Ethical non-monogamy, polyamory and open relationships can be challenging, especially for those new to polyamory.

Open relationships often bring up feelings of insecurity, jealousy, possessiveness, and resentment. These are normal. There are ways of being in relationship that reduce the occurrence and intensity. You can learn how to be more aware, accepting, and confronting of these thoughts and emotions.

Communication and boundaries are particularly important in a poly relationship.
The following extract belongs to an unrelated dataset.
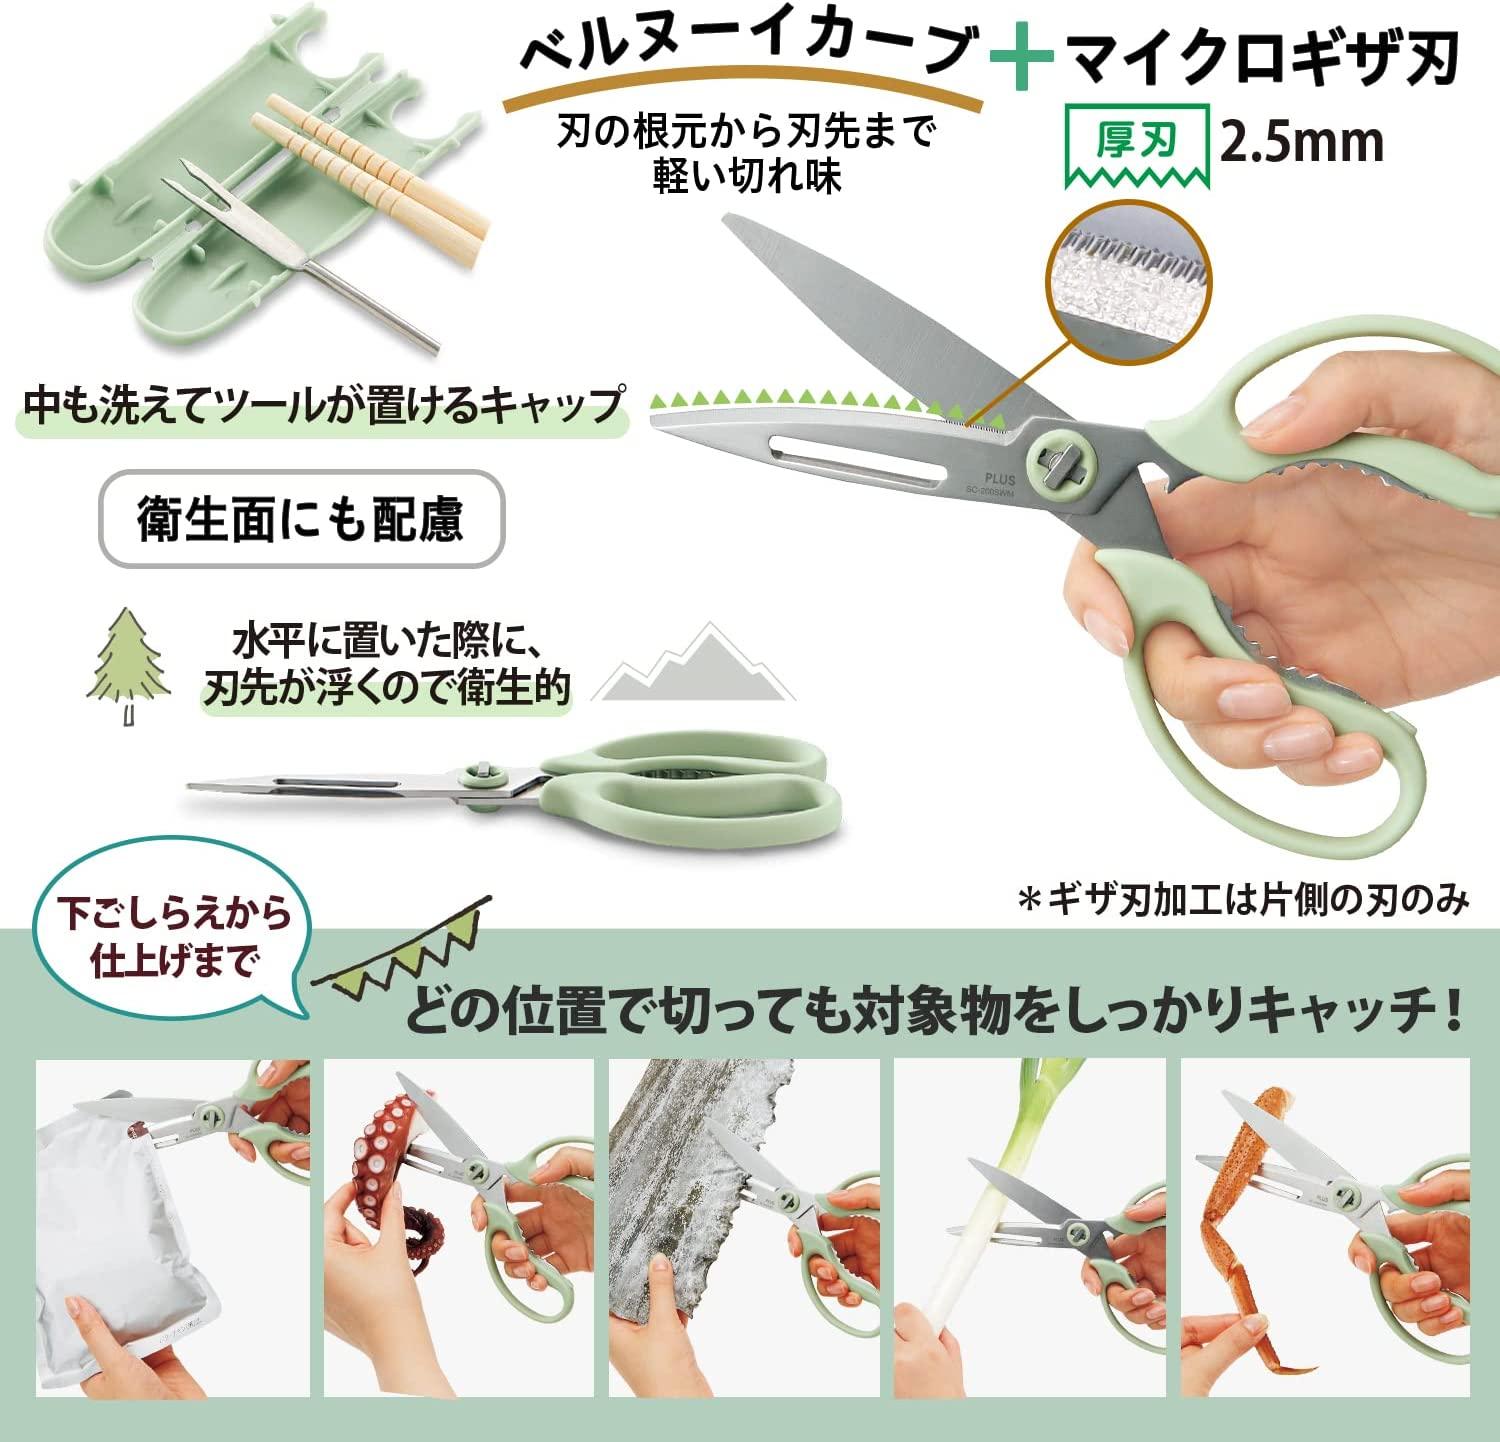 Plus Fit Cut Curve Cooking Scissors - Easy to Use

If there is a primary partnership transitioning to an open relationship, specific discussions can prevent future painful situations.

Siblings

Relationships with family members tend to be some of the hardest relationships to transform.  When we grow up with someone, we spend decades developing relational patterns, many of them maladaptive and unlikely to get what we really want out of the relationship.  It’s reasonable to expect that it will be a long term process to detangle and shift these patterns. 

I’m an identical twin and have an unusually close relationship with my brother.  Growing together and attending to the evolution of our relationship has required tough conversations and self-reflection.  

My desire to work with siblings, and especially identical twins, comes from my appreciation of my relationship with my brother.  Even though he has been on a different life path, we’ve both been interested in improving the relationship and it shows.  There is an ebb and flow to our connection, but we have deepened our relationship and understanding of each other over time.